* [Work item]: Since the copy must hold text only, transcribe the data below exactly and omit the images.

* [Collected material]:
────────────────────────────────────────
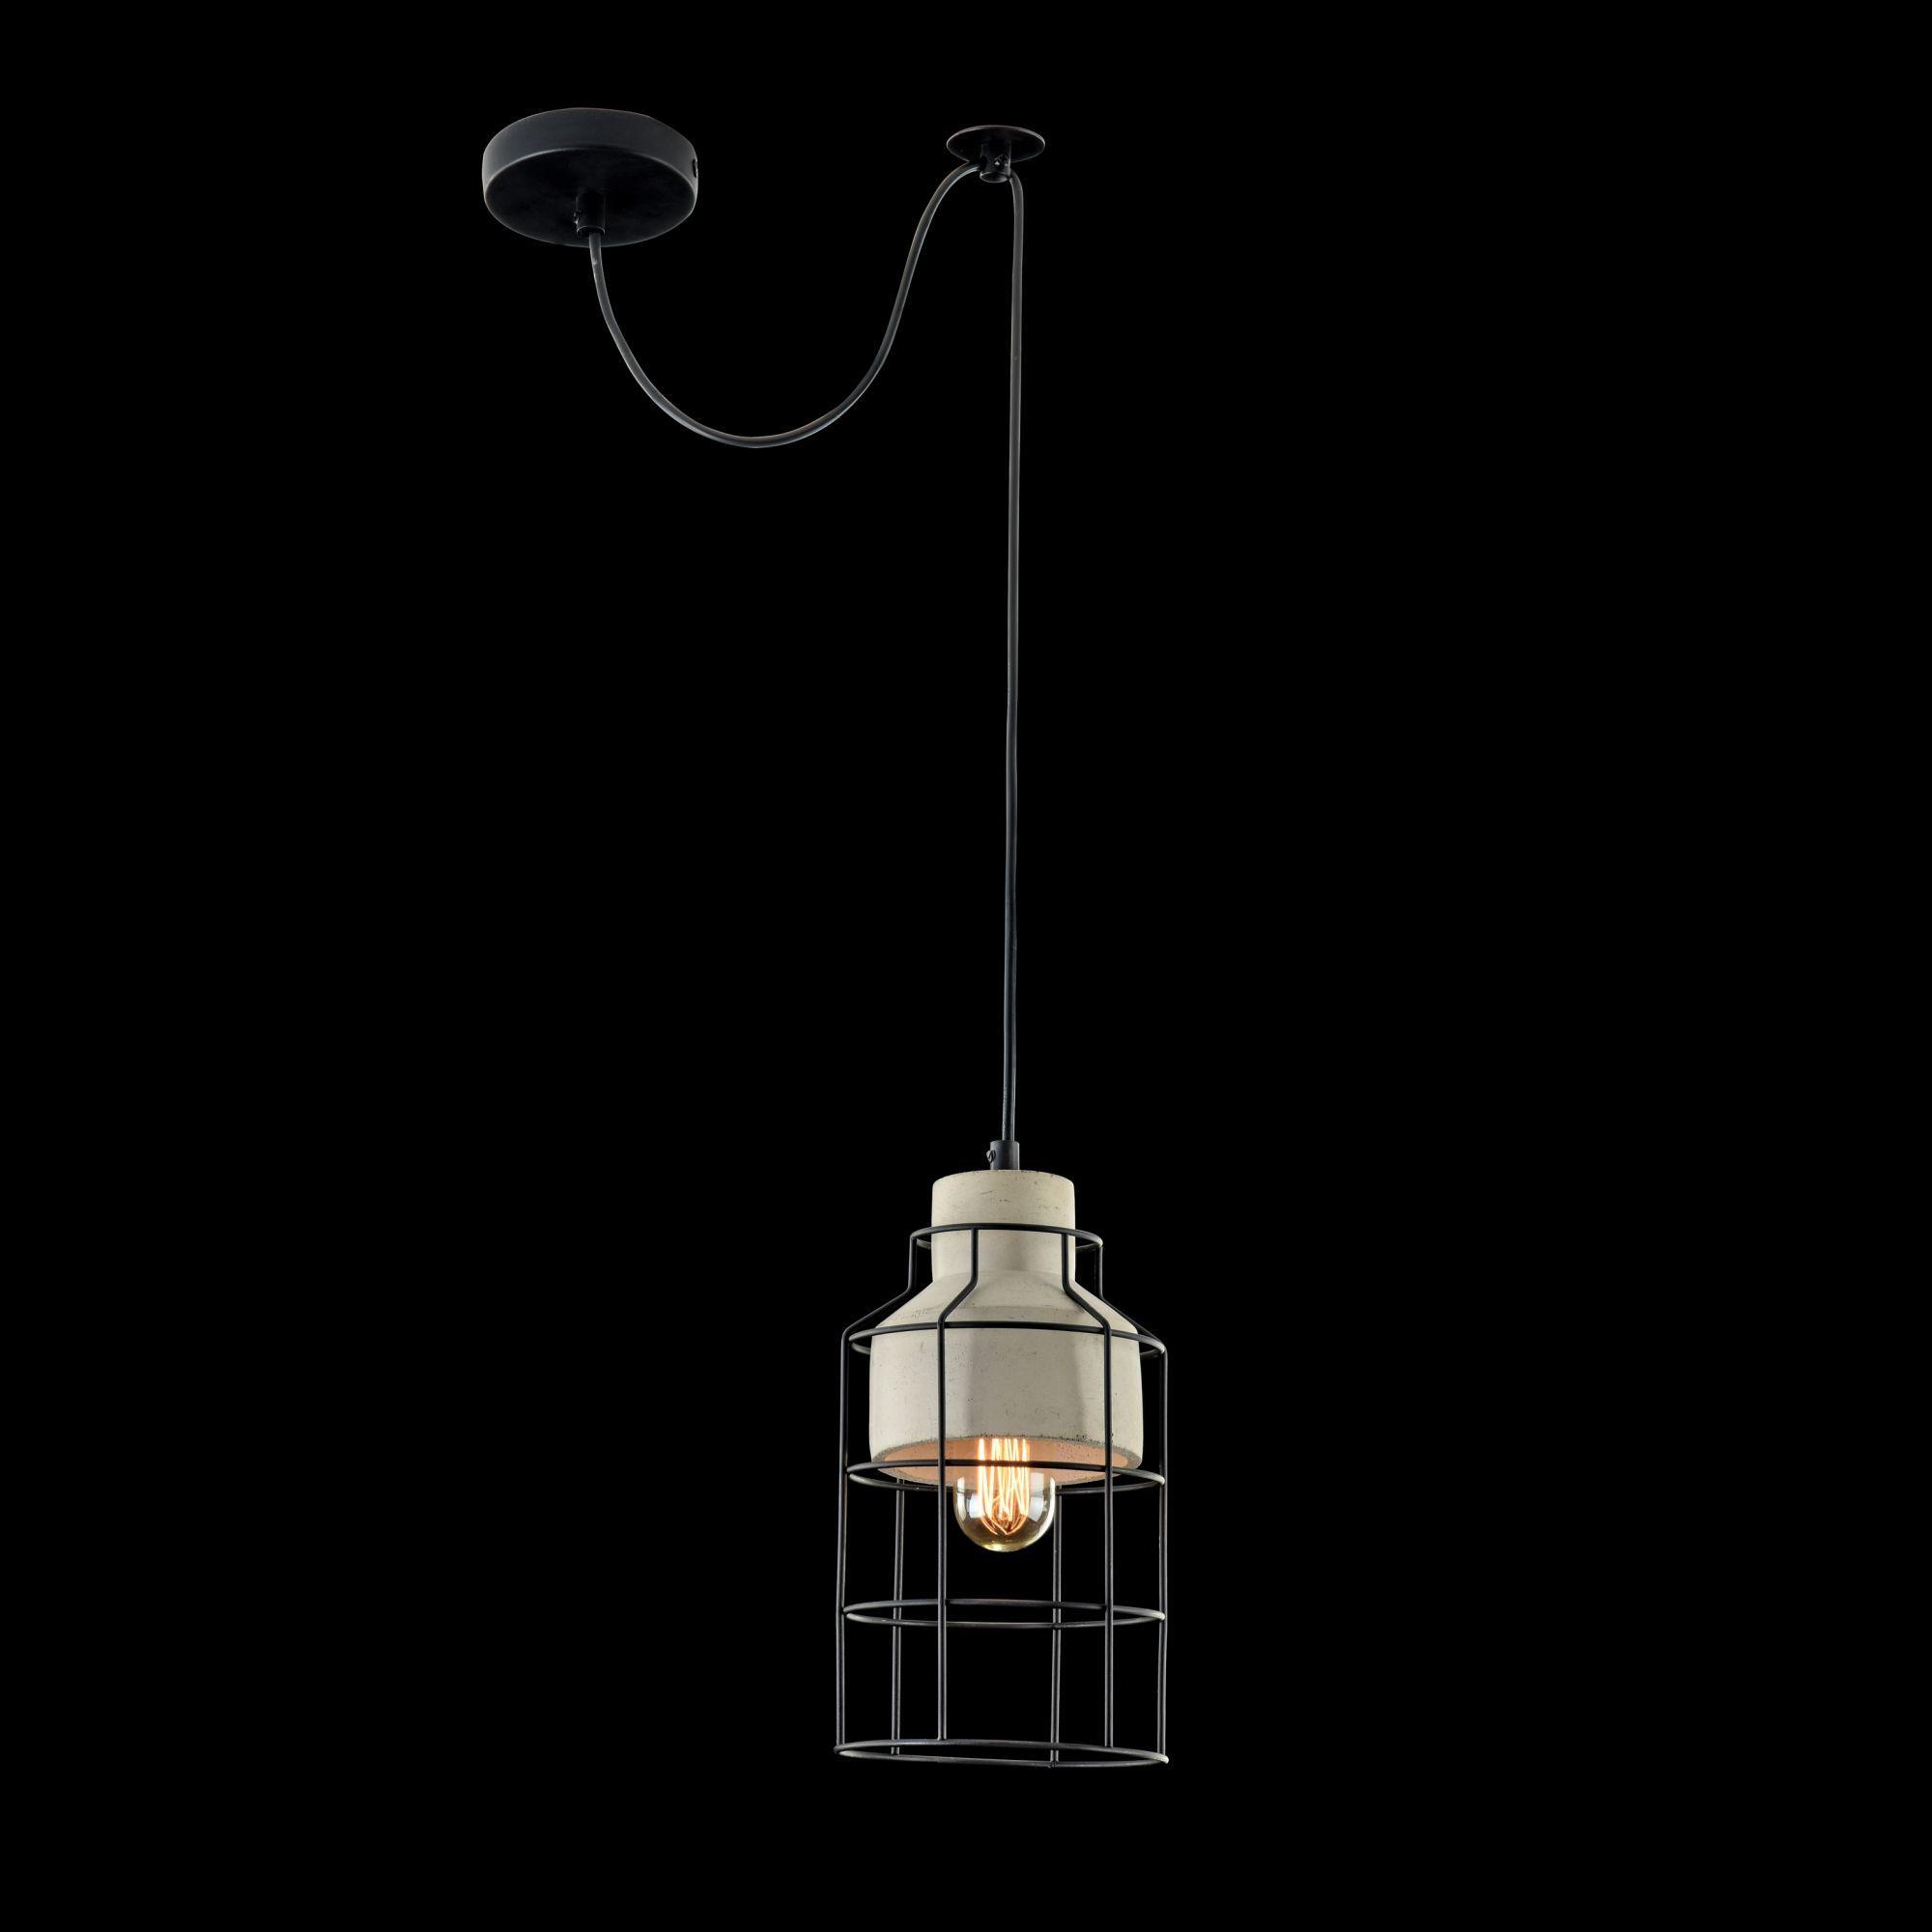 Подвесной светильник Maytoni Gosford T441-PL-01-GR, 1xE27x60W, черный, серый, металл, бетон - фото 4
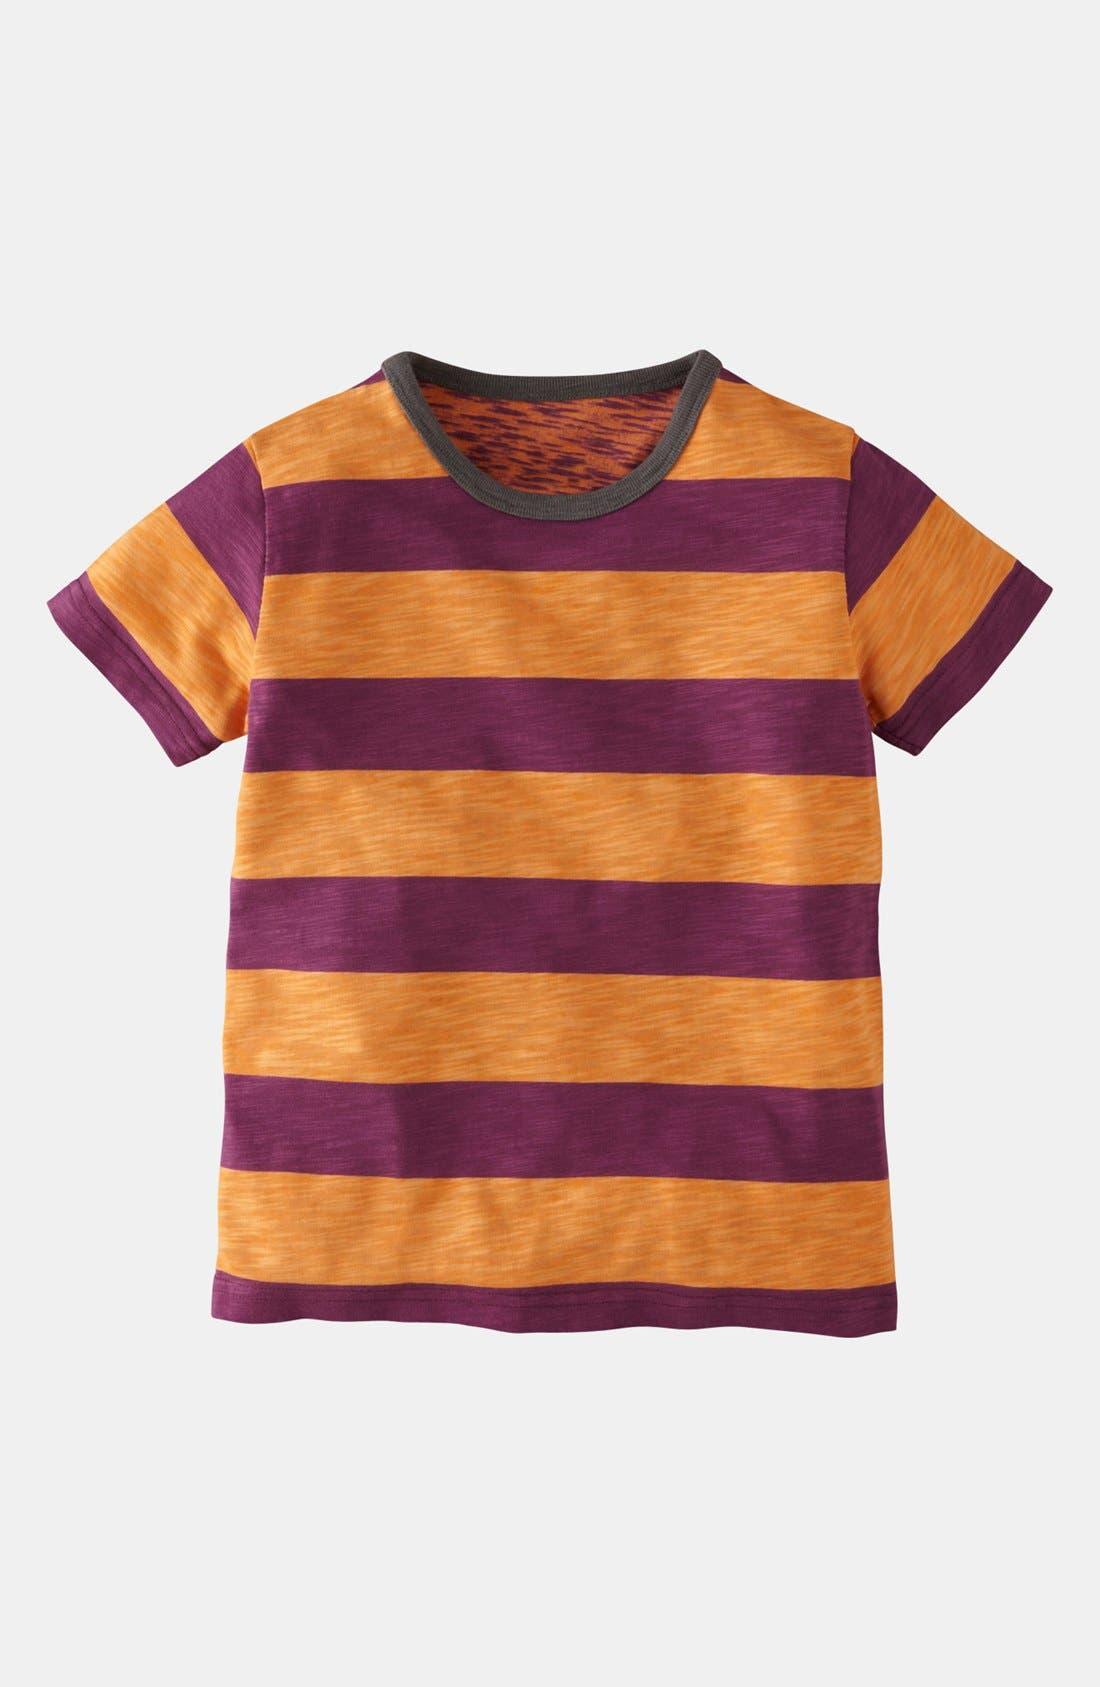 Alternate Image 1 Selected - Mini Boden 'Stripy' T-Shirt (Little Boys & Big Boys)
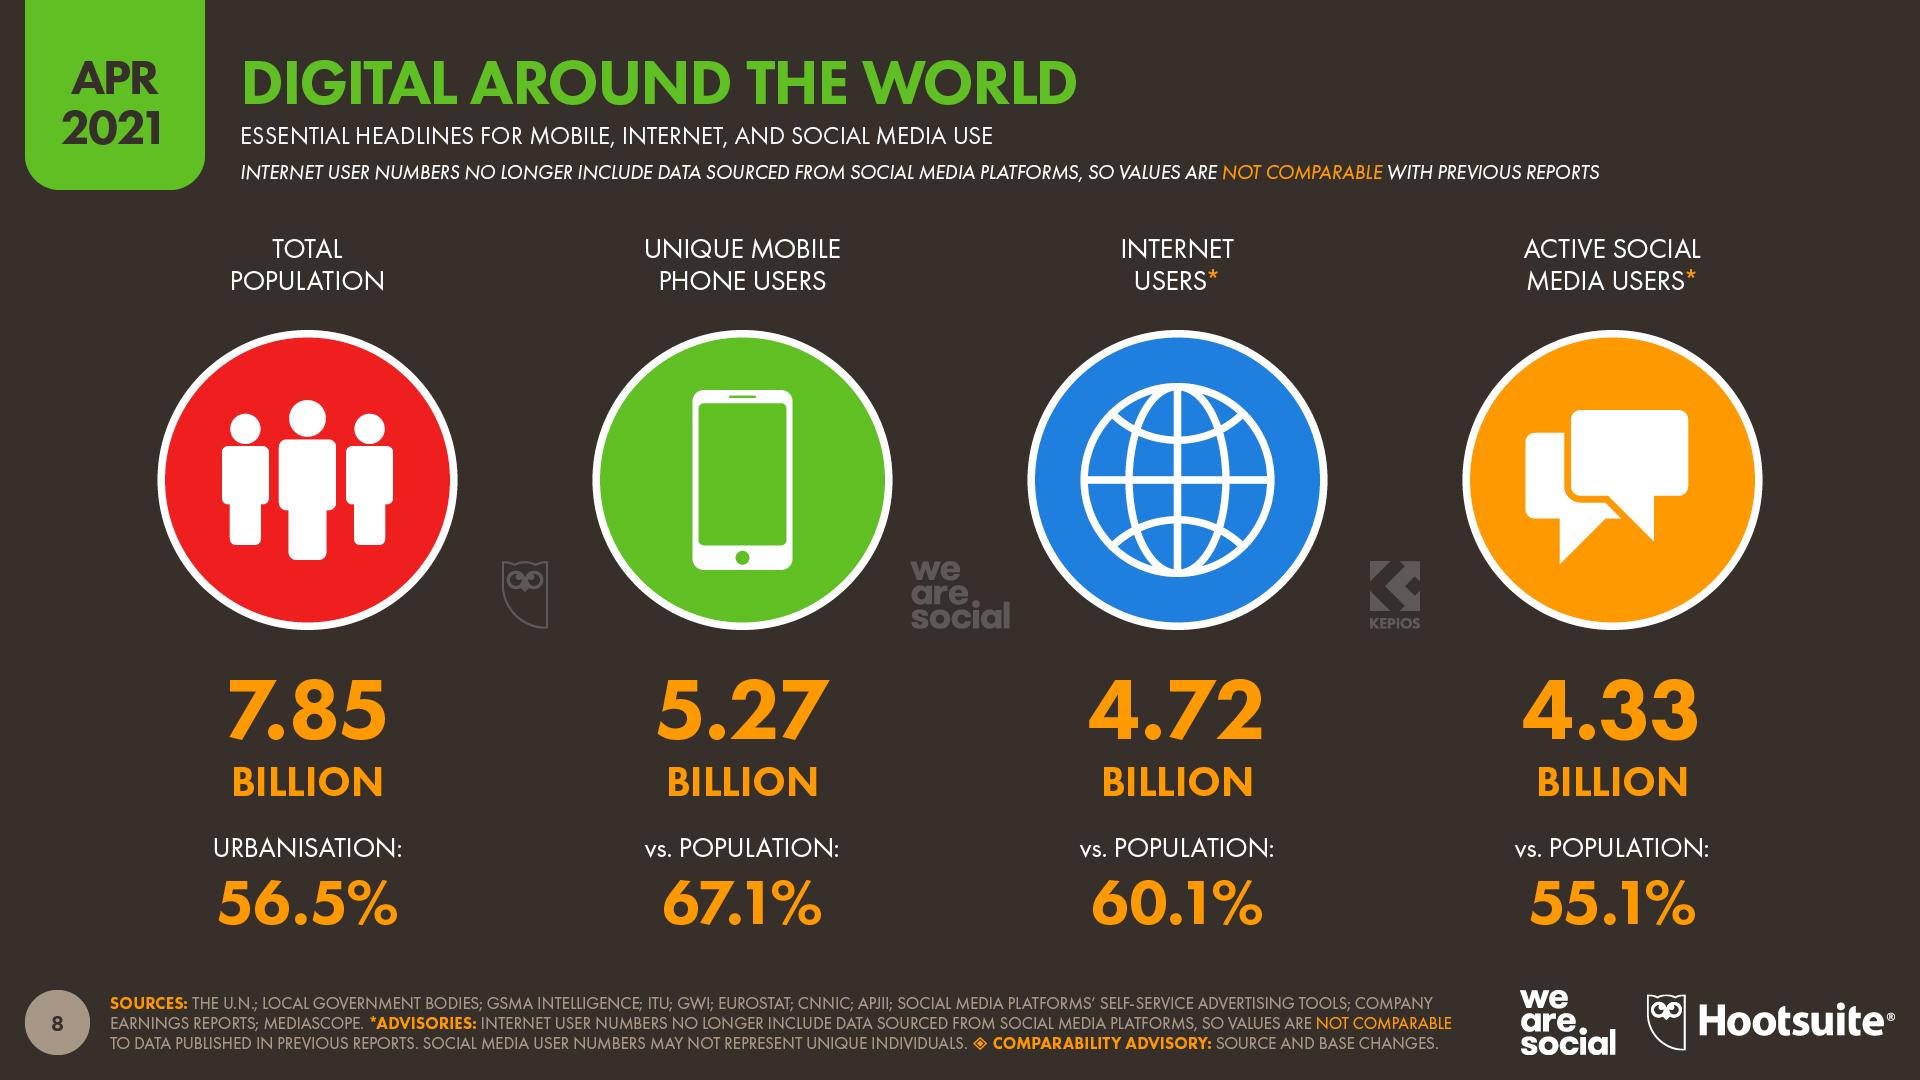 Global Digital Overview April 2021 DataReportal
────────────────────────────────────────
* [Solved exercise]:
 Подвесной светильник Maytoni Gosford T441-PL-01-GR, 1xE27x60W, черный, серый, металл, бетон - фото 4
 Alternate Image 1 Selected - Mini Boden 'Stripy' T-Shirt (Little Boys & Big Boys)
 Global Digital Overview April 2021 DataReportal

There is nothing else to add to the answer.